Intermittent fasting is a very popular form of eating where you switch between periods of fasting and periods of eating on a regular schedule. Research shows that intermittent fasting is a great way to manage your weight and limit your calorie intake, and it’s a smart addition to a healthy lifestyle. But what is it even, and how do you do it? Is it safe, and is it for everyone?

What is Intermittent Fasting?

In prehistoric times our ancestors were hunter-gatherers, so the conveniences we have today were unavailable. They often would go for periods of time without being able to eat until they could either find or hunt food for themselves.

In modern times we live a much more sedentary and convenient lifestyle. This results in an excess of calories since we don’t miss as many meals as our prehistoric brethren.

With any diet you start, it’s all about what foods you can and can’t eat. With intermittent fasting, it’s all about when you eat. This simple change allows you to limit periods of eating, which can cause a reduced caloric intake.

When intermittent fasting, you divide your day into segments of time when you can and can’t eat. Research shows that this can be a great way to burn fat, and there may also be some health benefits.

What Intermittent Fasting Method is Best?

There are several options when it comes to intermittent fasting. There isn’t a correct answer regarding which method is the best. Start with the method that best fits your lifestyle, and if you feel like you need to change, you can do so.

Here are the 5 most common intermittent fasting methods:

Time-Restricted Eating

This method involves fasting for at least 12 hours daily. A popular form of this is 16/8, where you have an eating window of 8 hours, like noon to–8PM, and then you fast for the other 16 hours.

The 5:2 Method

With this option, you eat normally 5 days during the week, and then the other 2, you restrict yourself to 500-600 calories a day.

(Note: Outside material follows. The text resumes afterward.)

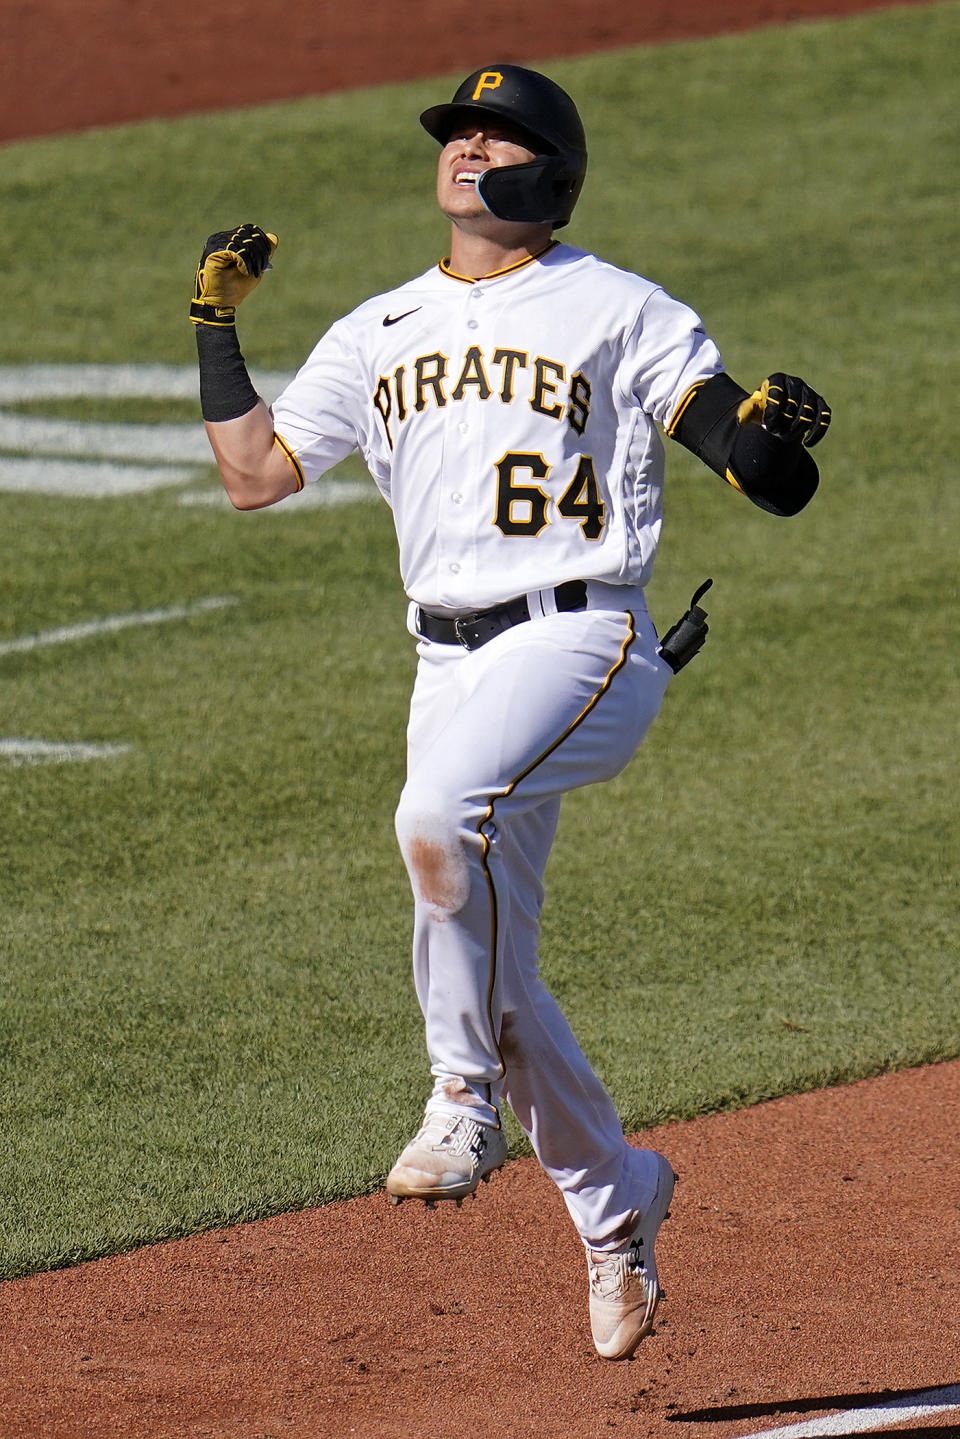 Pittsburgh Pirates' Diego Castillo celebrates as he approaches home plate after hitting a three-run home run off San Francisco Giants starting pitcher Alex Wood during the third inning of a baseball game in Pittsburgh, Saturday, June 18, 2022. (AP Photo/Gene J. Puskar)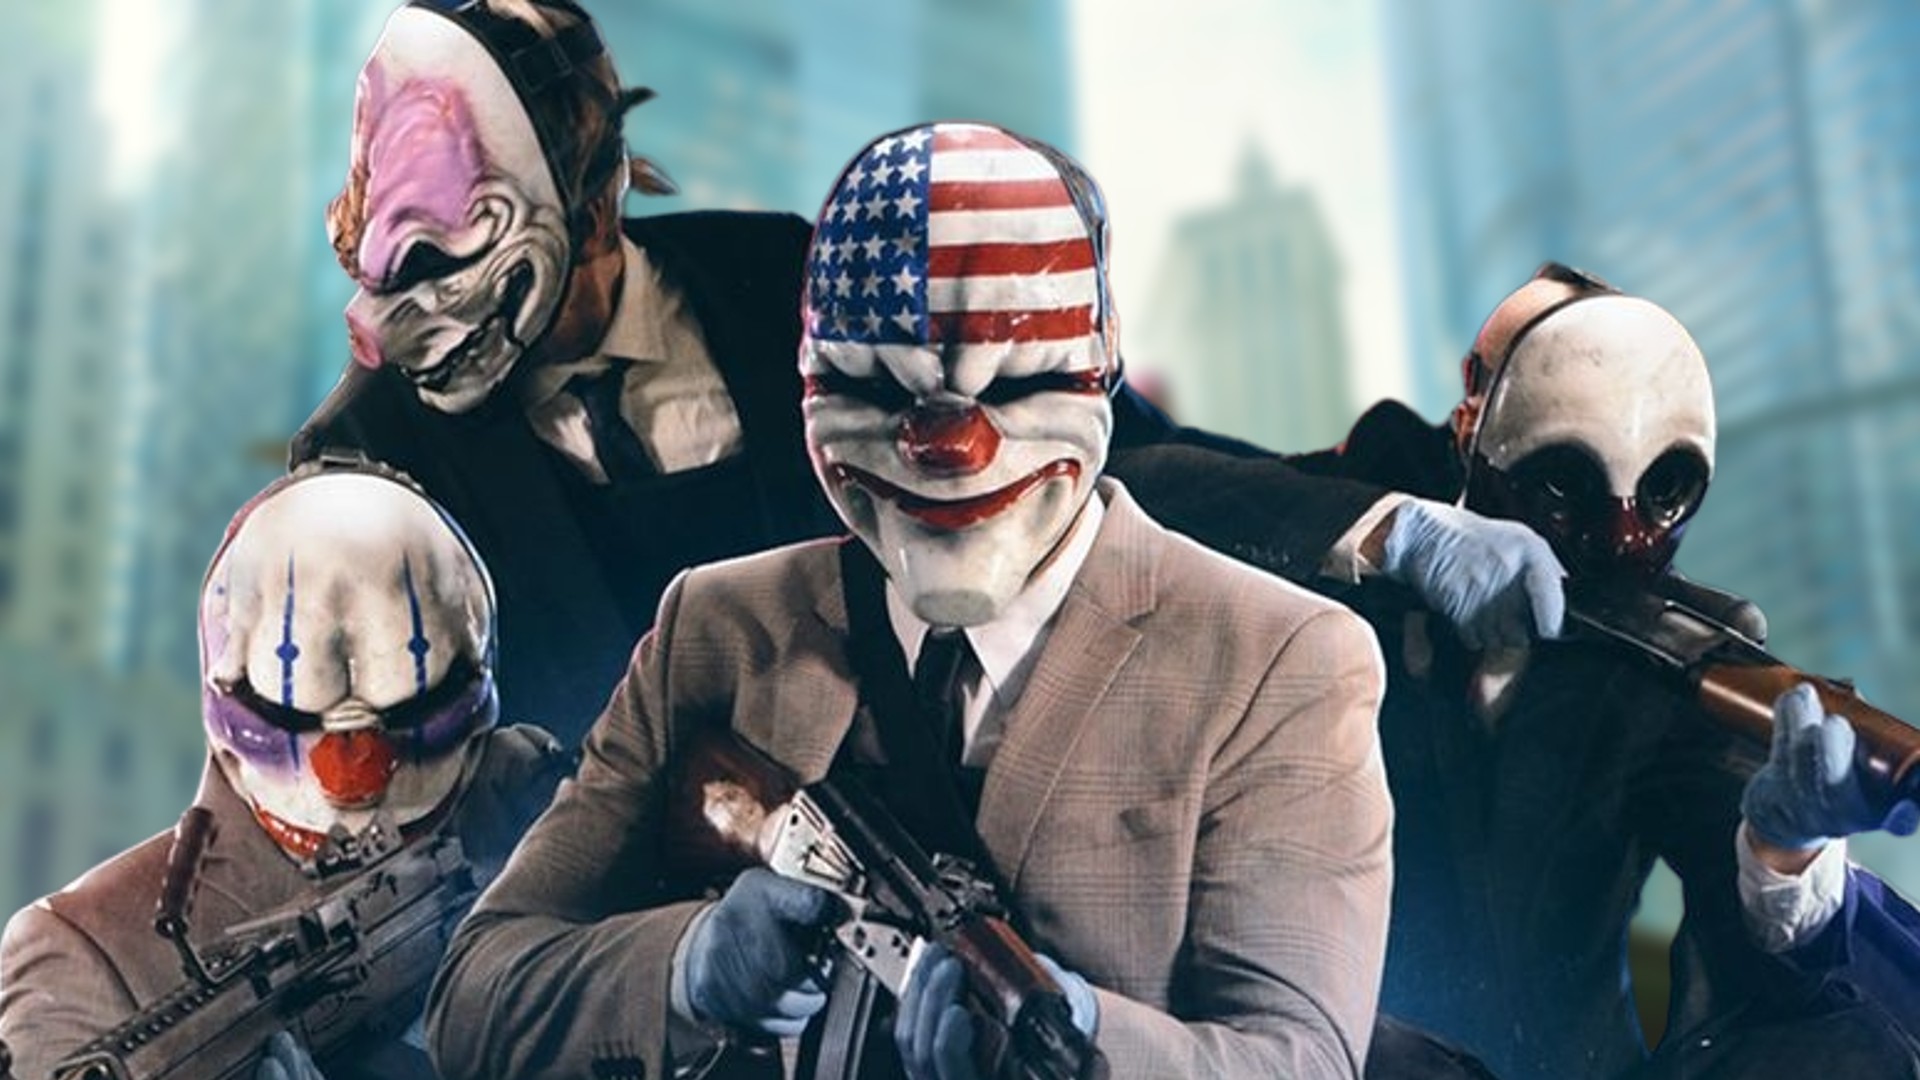 PAYDAY 3: Early Access and full release date and times, when can

These 2 restricted-calorie days should be non-consecutive.


Similar to the 5:2 method, the eat-stop-eat method allows you to eat normally most days but once or twice a week, you will fast for 24 hours.

Alternate Day Fasting

You eat what you want one day and then fast the next day. An easier modified approach is eating 500-600 calories on fasting days.

OMAD – One Meal A Day

This is a more advanced approach to intermittent fasting, where you eat one meal every day, usually in the evening.

What Can You Eat While Intermittent Fasting?

During periods of fasting, you should only drink water and zero-calorie beverages like black coffee or tea.

When you are in your eating window, you can eat as you usually would, but that does not mean going crazy or binging on anything and everything. You should avoid high-calorie junk food and excessive amounts of sugar and other treats.

One of the best things about intermittent fasting is that you can still enjoy the foods you love. You will see better results from your intermittent fasting if you seek out foods with complex carbs like whole grains, leafy greens, healthy fats, and lean proteins.

What Benefits Can You See from Intermittent Fasting?

Although the most common effects are in your body weight, intermittent fasting can affect many areas of your health.

Here are some of the amazing benefits research has revealed:

Boosts Brain Function- Intermittent fasting can boost the production of the brain hormone BDNF and may aid in the growth of new nerve cells.

Helps with Weight Loss- The restriction of calories, as well as periods of fasting, results in a metabolic switch in your body by switching energy sources from glucose to fat which can help in your weight loss pursuit.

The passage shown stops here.